This read- and write-heavy table was rather large in size, and also had four indexes on it. For every insert, all four indexes needed to be updated. This meant that PostgreSQL was actually doing more like 500 inserts per second for this ActiveRecord model, if you count each index as a separate table.
Our day-over-day growth projected over the rate of inserts was not sustainable for a database also handling every other type of read and write operation for our application.
So once we identified this table as the one we wanted to split, we put together the following plan.
Doin' It
Go through our application code (Rails 3.2) and replace any joins involving this table with a helper method on that model.
Each helper method would assume that the table "lived" in its own database, and so queries would be broken up into two or sometimes three separate fetches based on the ActiveRecord model's database connection.
Add an "establish_connection" call at the top of this ActiveRecord model, to connect it to the dedicated database defined in database.yml (even in development, and tests).
Go through the app and fix all the broken tests :)

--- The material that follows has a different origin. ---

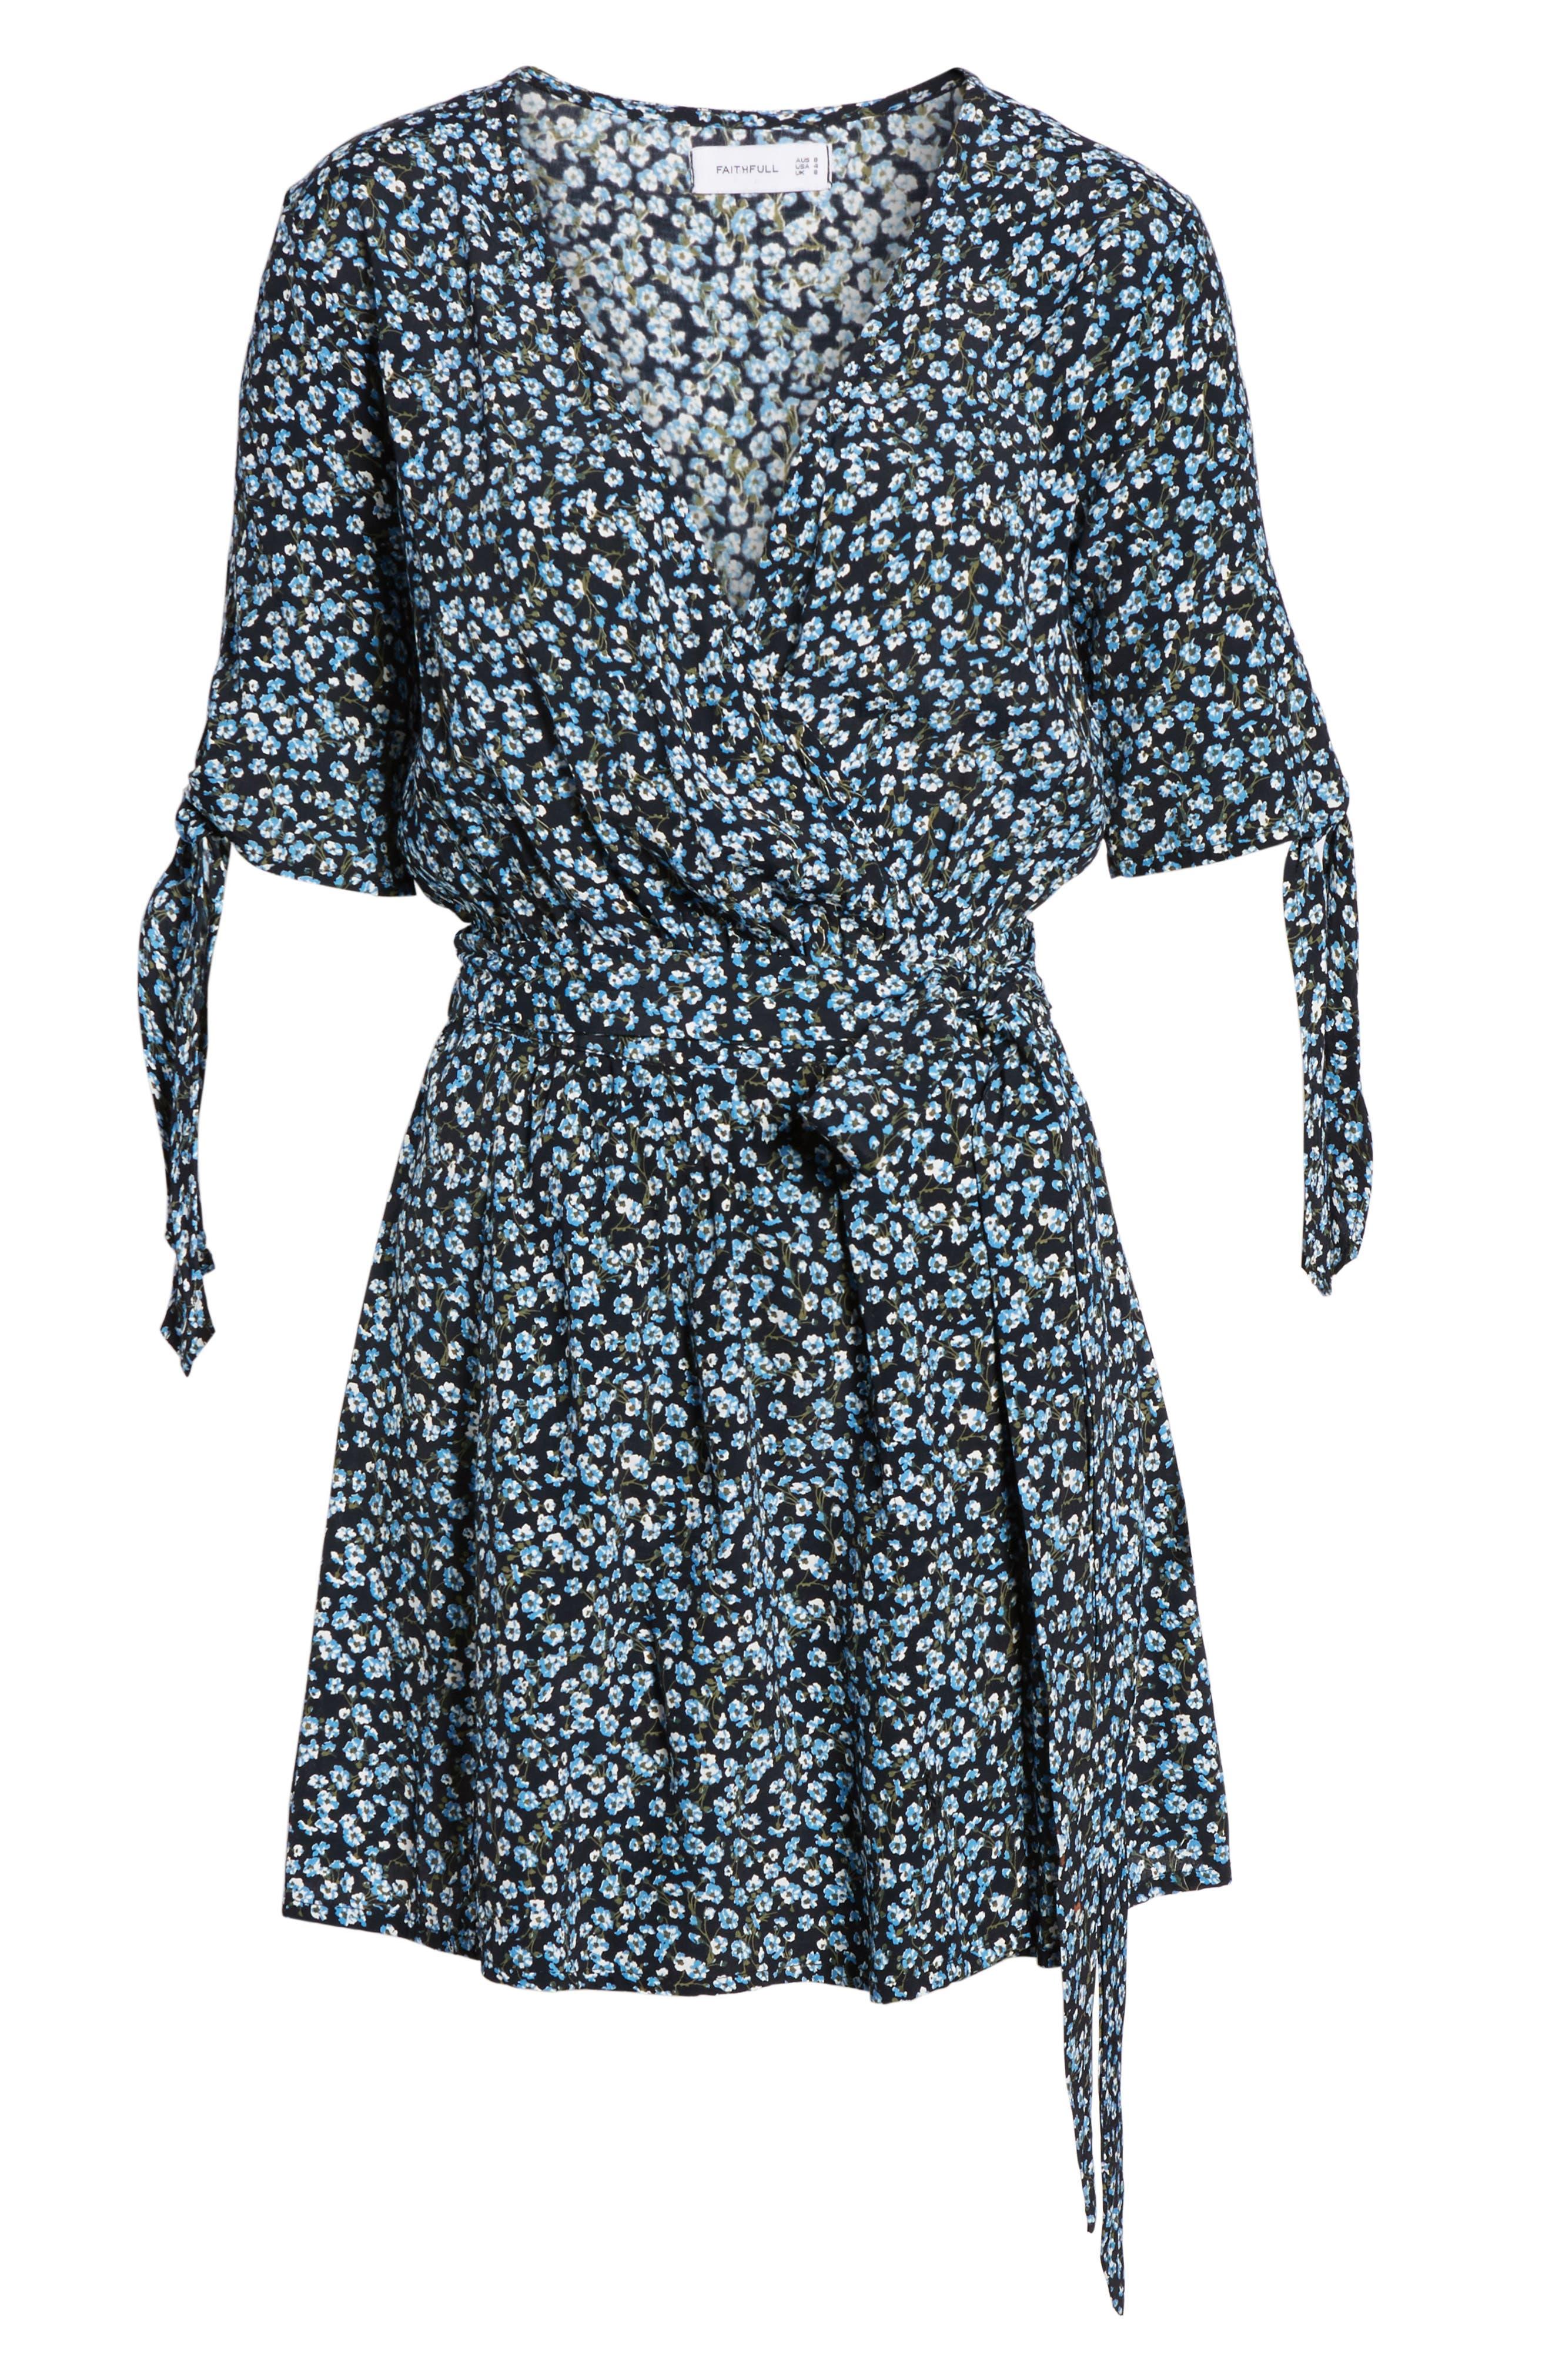 Oslo Floral Wrap Dress,                             Alternate thumbnail 6, color,                             Blossom Village Print - Blue

Team members Atasay and Kaan pair-programmed over the weekend and knocked out most of the required changes. Once all of the tests were passing with a 2-database configuration, we felt validated that this approach was working, and started thinking about the deployment.
Deployinating It
Here the "a-ha" moment came when we realized that one of the replicas for our main schema could be promoted to be the master database of the new schema.
There were five steps.
Configure a live streaming replica of the current master, to be used for the new table exclusively.
Take the site down for about ten minutes of planned downtime. Sean ensured our down page had a working kitten cam.

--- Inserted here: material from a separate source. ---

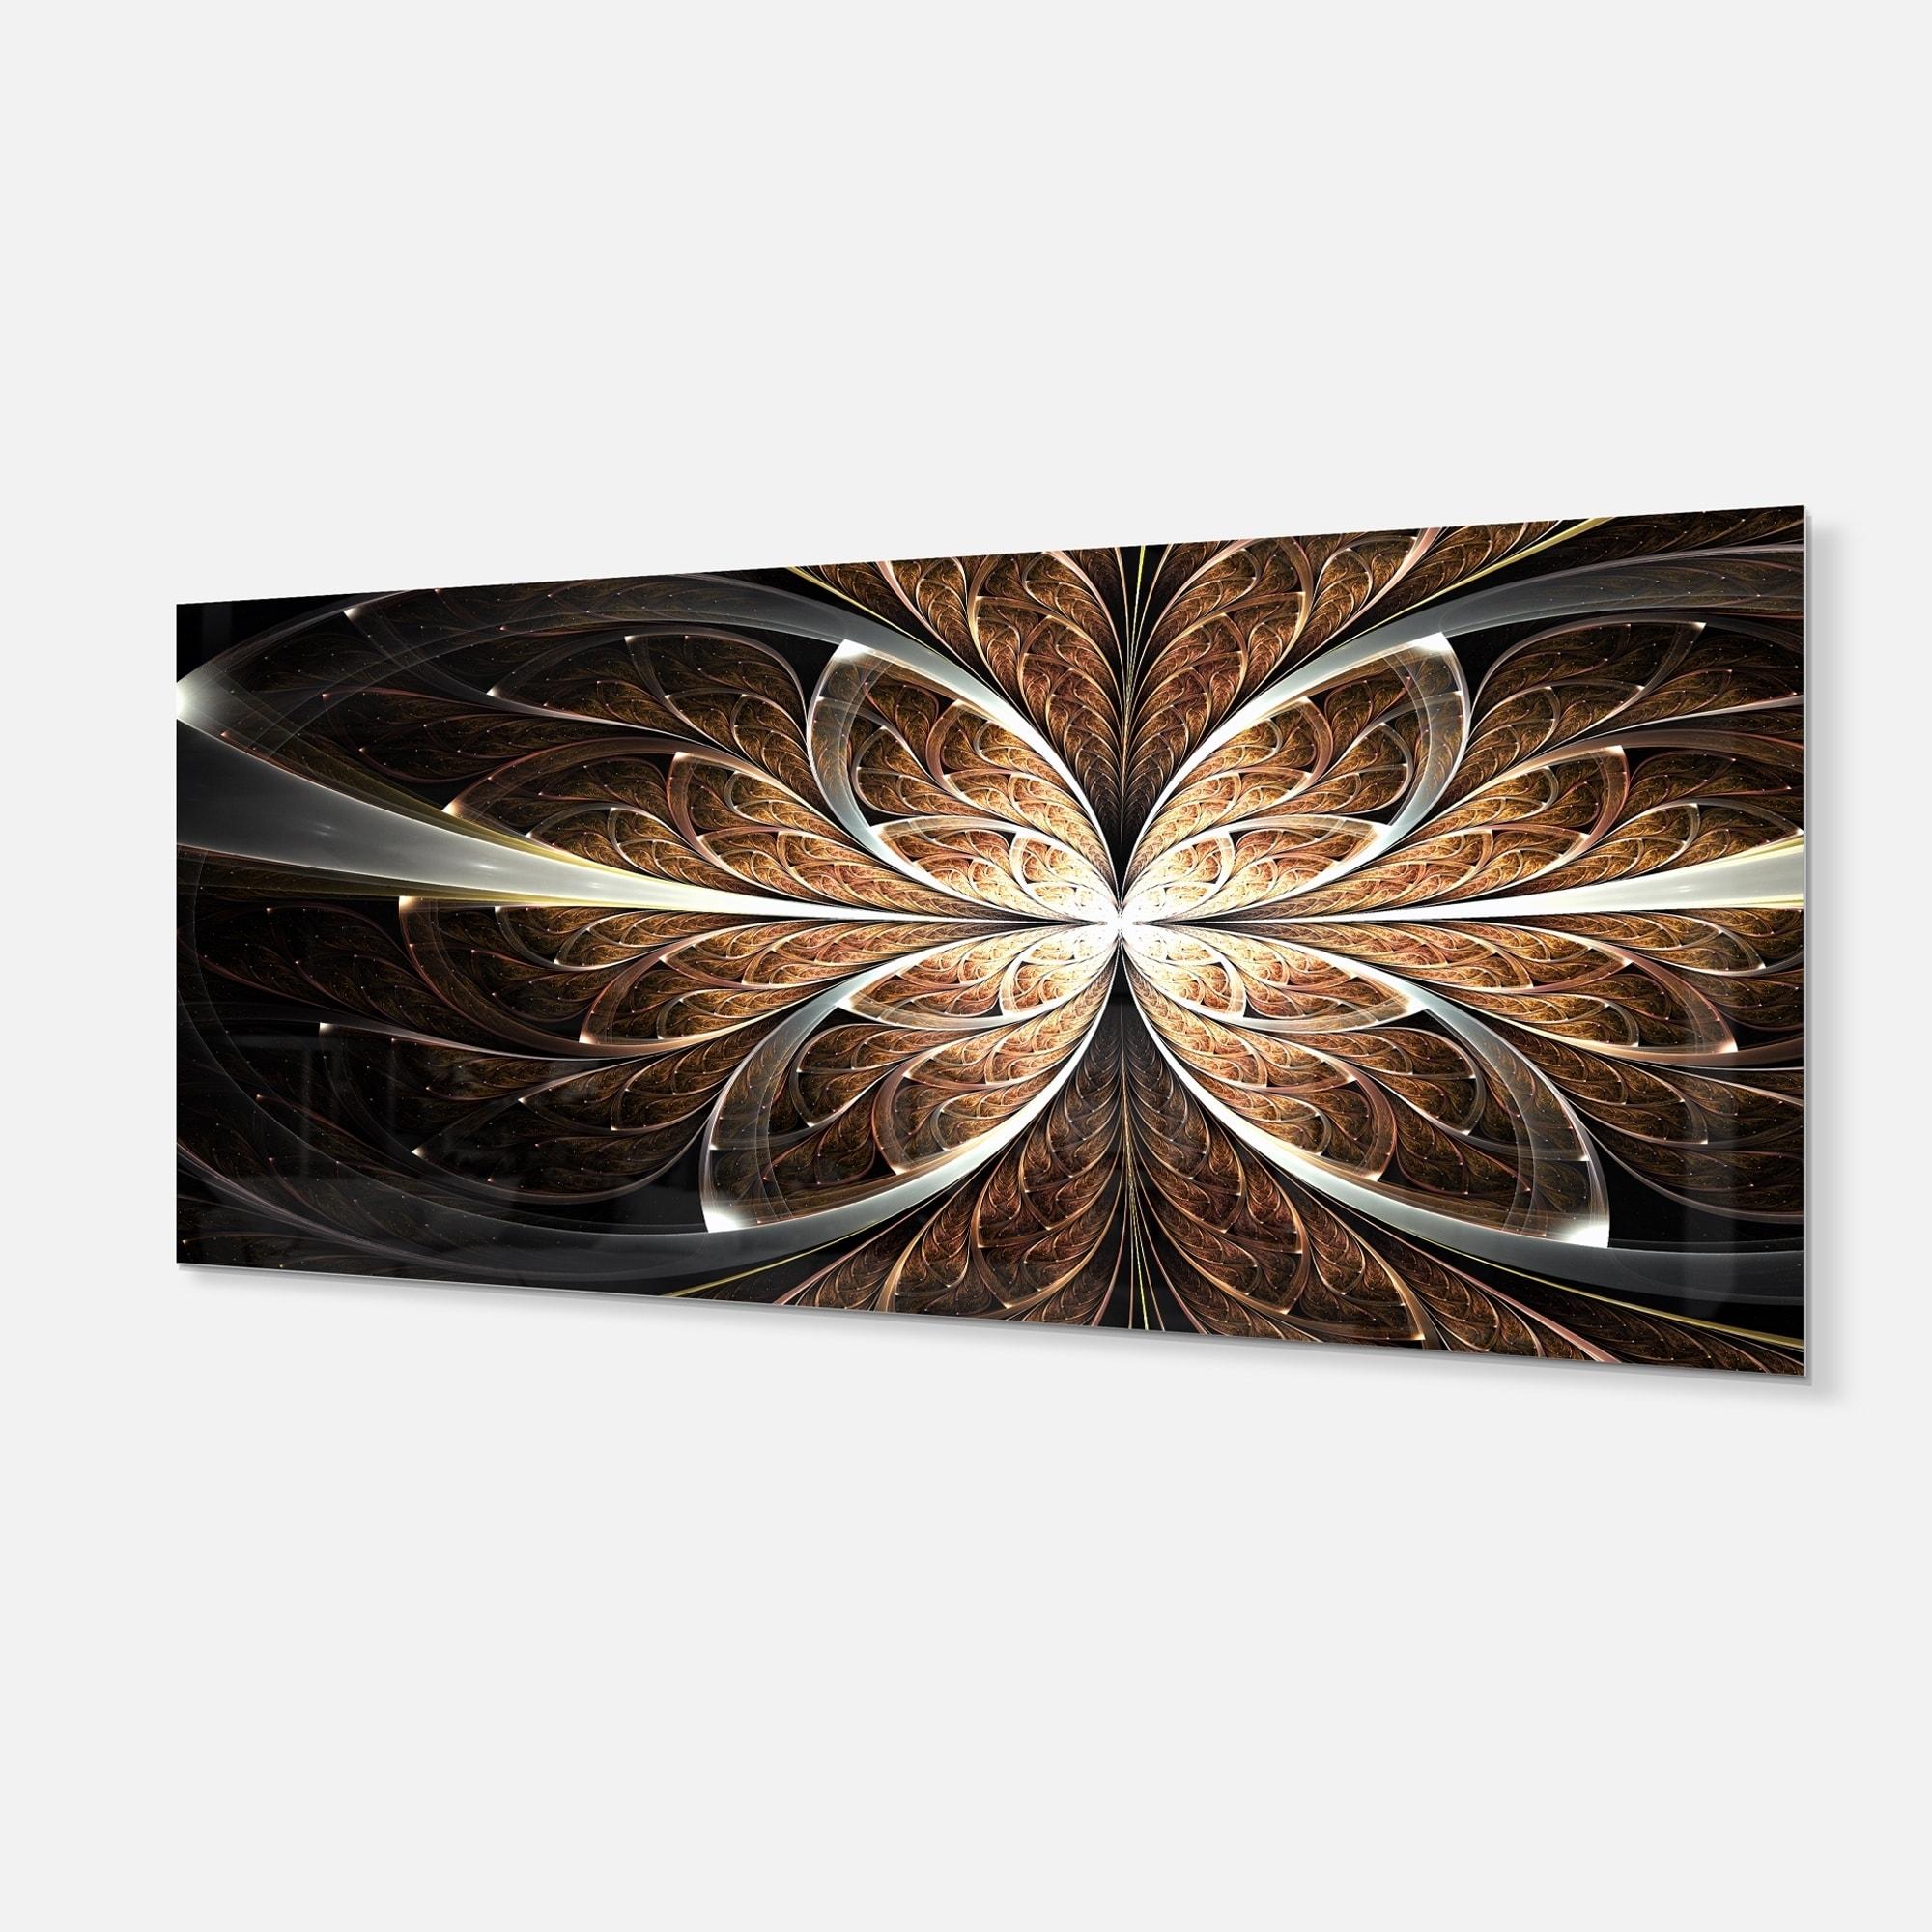 Fractal Flower Brown Black Digital Art Large Floral Glossy Metal Wall Art Overstock 12778494

Promote the replica into a master role, so that it can receive writes. It was now master for the sharded table.
Deploy the new code.
Bring the site live.
With some followup:
Configure a streaming replica for the sharded database.
Delete unused tables in the sharded database.
Delete the sharded table from the main database.
Measuring It
After the deploy we discovered that the new master database needed to have analyze run on the table for it to perform adequately, although it was also just warming up the filesystem ARC cache. After that initial warming period, the site hummed along as usual and the next day we were greeted by dramatically dropped I/O on all databases involved, a much faster website latency, and more blissfully obsessed users than ever.
In this graph below of virtual filesystem reads and writes on our master database, you can clearly see where the the sharding happened. There is a dramatic drop in both reads and writes.
While this provides us with some room to grow, we know that sharding this large table horizontally is just around the corner.
Understanding It
Some of the reasons why vertical sharding works may be obvious, but some may be less so:
Writes are now balanced between two servers.
Fewer writes to each database means that there is less data streaming to read-replicas. These now have no issues catching up to the master.
A smaller database means that a larger percentage of the database fits in RAM, reducing filesystem I/O. This makes reads less expensive.
Filesystem I/O can be cached in the ARC more efficiently, reducing physical disk I/O. This also makes reads less expensive.
Database query caching is now tuned to the load of each database. Radically different access patterns on a single database causes cache eviction.
Thinking About It
As we keep growing, this table is destined to become a standalone web service, behind a clean JSON API which will provide an abstraction above its (future) horizontally sharded implementation. Who knows what data store it will use then. We're big fans of PostgreSQL, but that's the beauty of using APIs -- whether it's PostgreSQL, Redis, Cassandra or even a filesystem datastore, the API can stay the same. Today we made a small step toward this architecture.
Feel free to leave a comment with questions or suggestions.
Endnotes
We use PostgreSQL 9.2.2 and are happily hosted on the Joyent Public Cloud. We run on Rails 3.2 and Ruby 1.9.3.
For splitting database reads and writes to read-replicas, we are using Makara (TaskRabbit's open-sourced Ruby gem), which we forked for use with PostgreSQL.
The Big Switch: How We Rebuilt Wanelo from Scratch and Lived to Tell About It
Originally published here on 14 Sep 2012.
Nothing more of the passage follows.